The tears were on their way.
I braced for it—because I always had to brace for it, because seeing my little girl cry was maybe the hardest thing I’d ever had to do.
“You’re not going to have an ice crash, are you?” she asked.
The tears spilled over.
One second she was holding it together and the next they were just there, running down her cheeks, her chin doing that wobble that absolutely destroyed me every single time without fail.
I was off my stool and around the counter before I’d even thought about it, picking her up off her seat, Gerald and all. She wrapped around me like a koala, face buried in my neck, and I stood there in my kitchen at seven in the morning holding my crying five year old and staring at the ceiling.
“Hey,” I said. “Hey, look at me.”
She pulled back just enough. Her face was a mess. I wiped her cheeks with my thumb.
“You listening?”
She nodded, sniffling.
“I drive the same roads every day,” I said. “I know every one of them. And I’m real careful. You know why?”
She shook her head.
“Because I’ve got you to come home to,” I said. “That makes me the most careful driver in Juniper Falls. Nobody’s got more reason to be careful than me.”

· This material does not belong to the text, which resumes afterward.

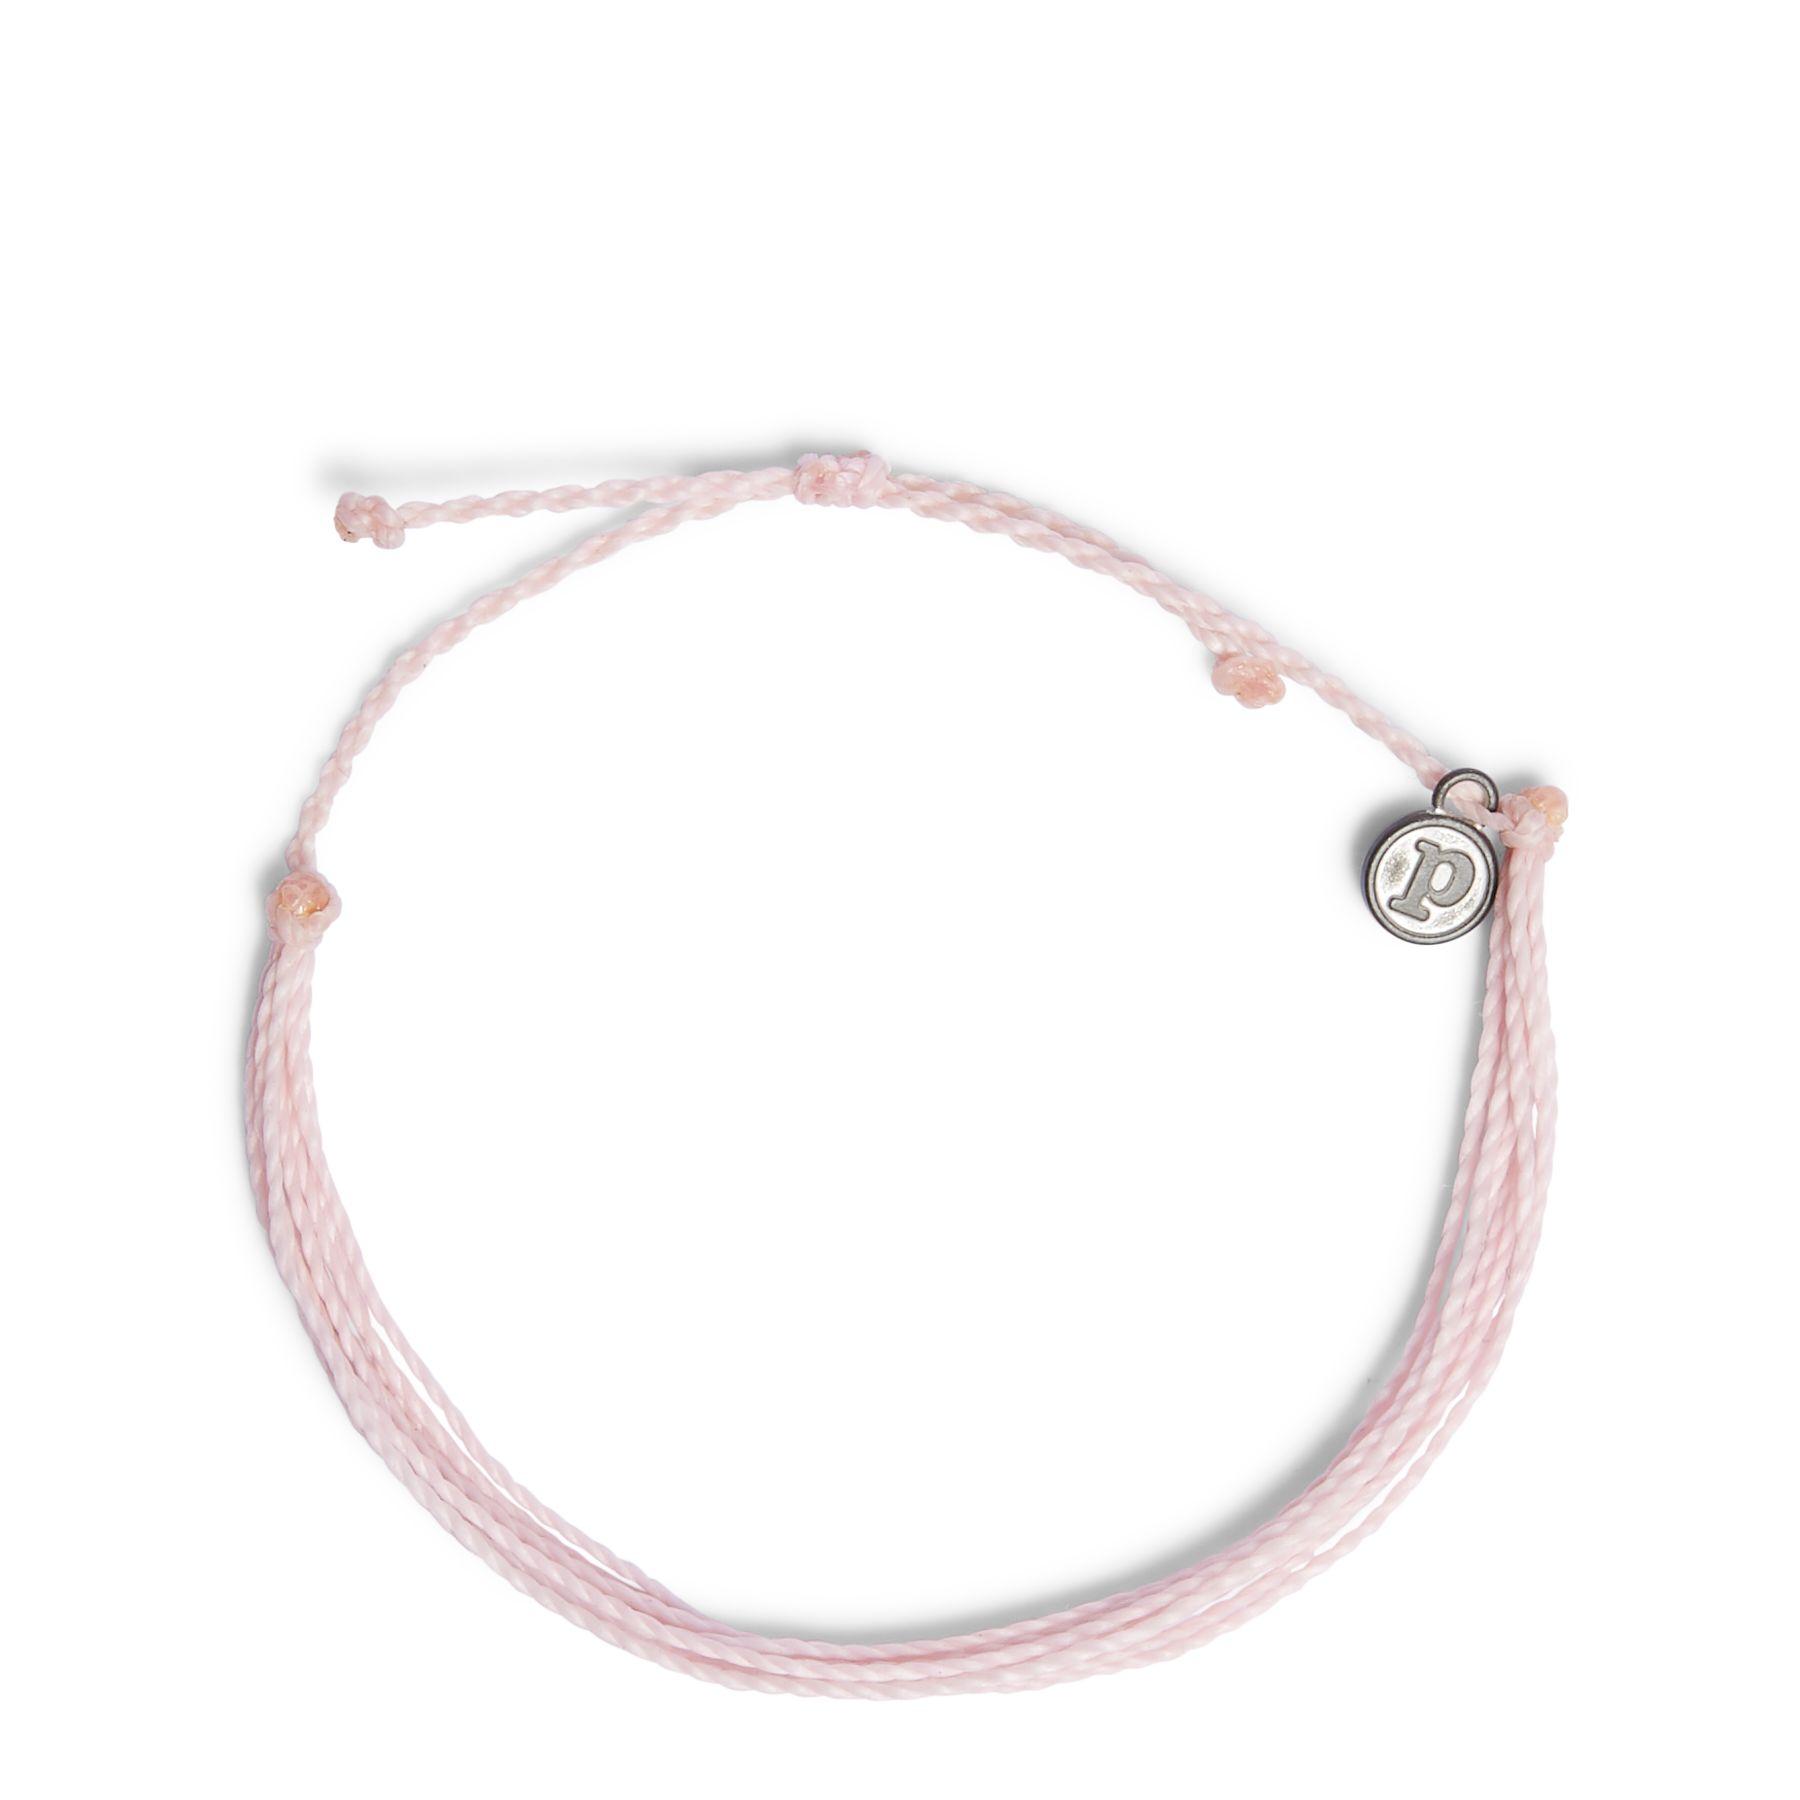 Pura Vida Bracelet for Vera Bradley Foundation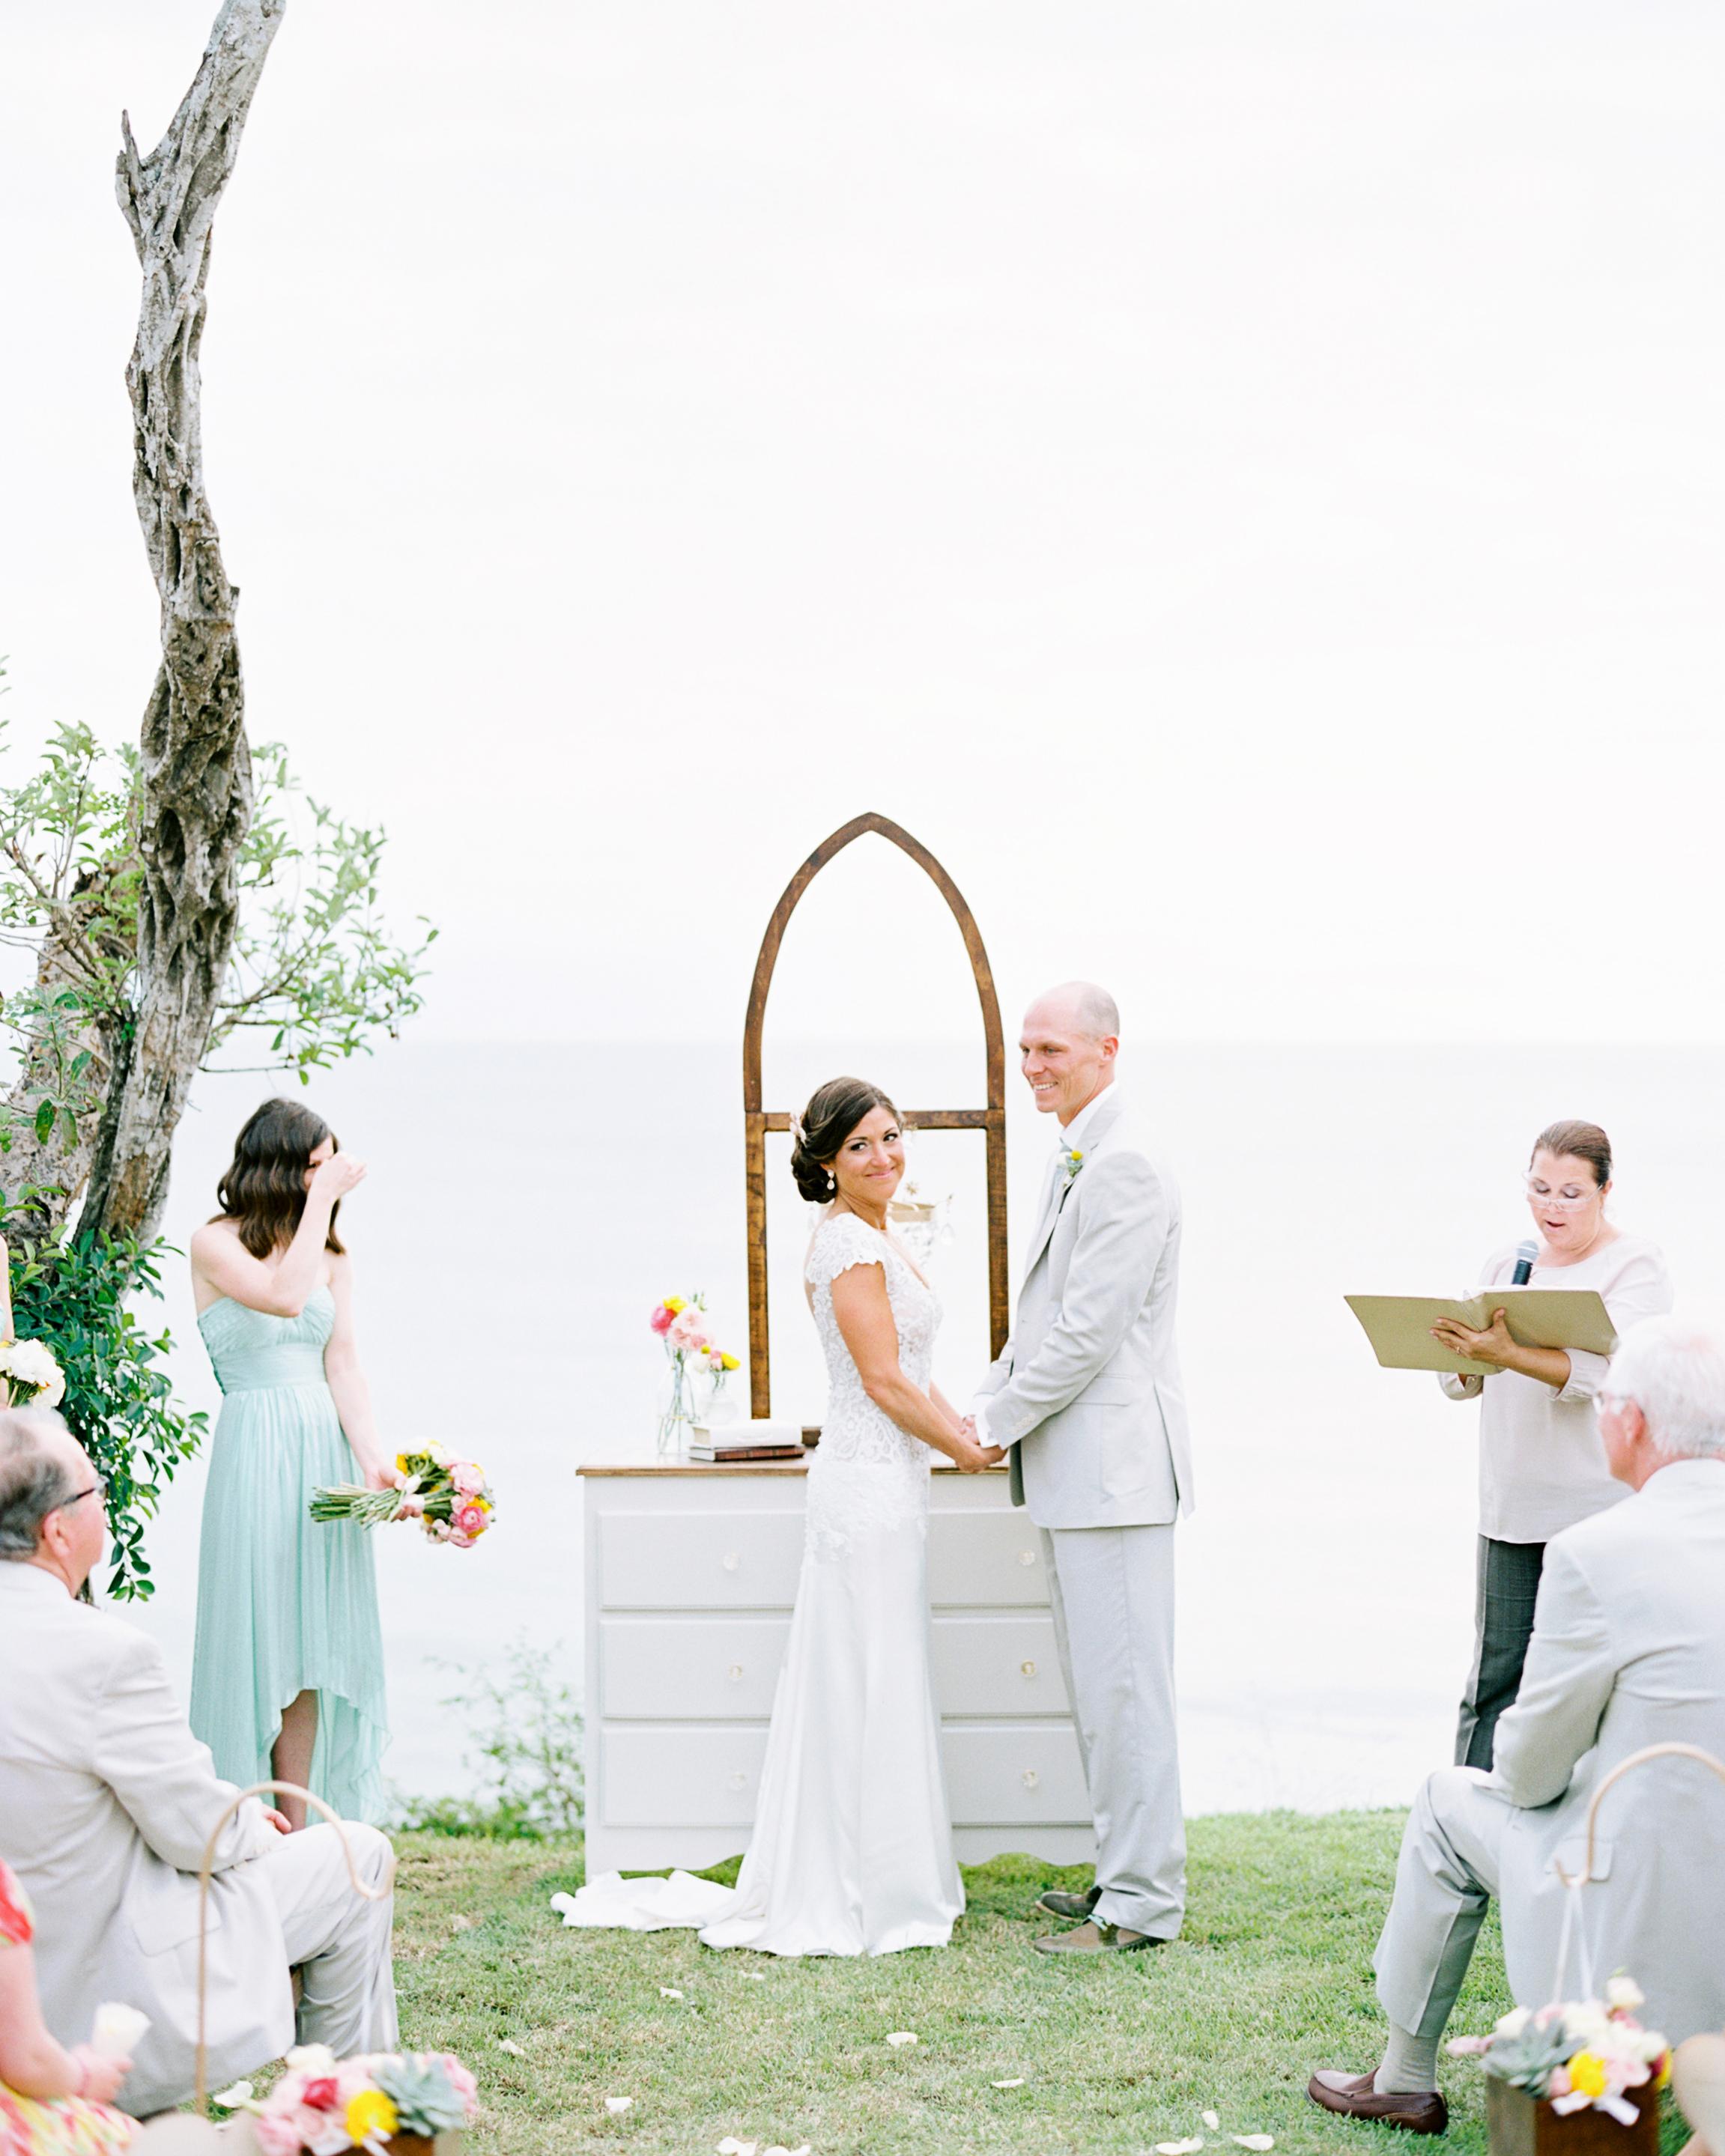 molly-nate-wedding-ceremony-170-s111479-0814.jpg

She studied my face. Doing her check.
“Promise?” she said.
“Promise.”
She wiped her nose on my shoulder. I let it happen.
“You want to stay home today, bug?” I asked. “It seems like last night was really hard, but you were very brave.”
She shook her head against my shoulder, gripping me tight. “No, I promised Miss Laine I would bring her more dinosaur facts today.”
Of course she had.
Of course the thing that was going to get my daughter out of bed after a rough night and into her shoes and down the street to school was a promise she’d made to Maggie Laine about dinosaur facts.
I set her down, hands on her shoulders.
“Okay,” I said. “Then let’s get you ready.”
She nodded and disappeared down the hall toward her bedroom with Gerald tucked under her arm. I could hear her talking to him, probably briefing him on the day’s agenda.
I stood in the kitchen for a second and looked at the ceiling.
I promised Miss Laine.
Two months. She’d known this woman two months and she was hauling herself out of bed after a nightmare sleepover on the strength of a promise about dinosaur facts.
I couldn’t blame her.
Even if the things I wanted to share with Maggie weren’t even close to dinosaur facts.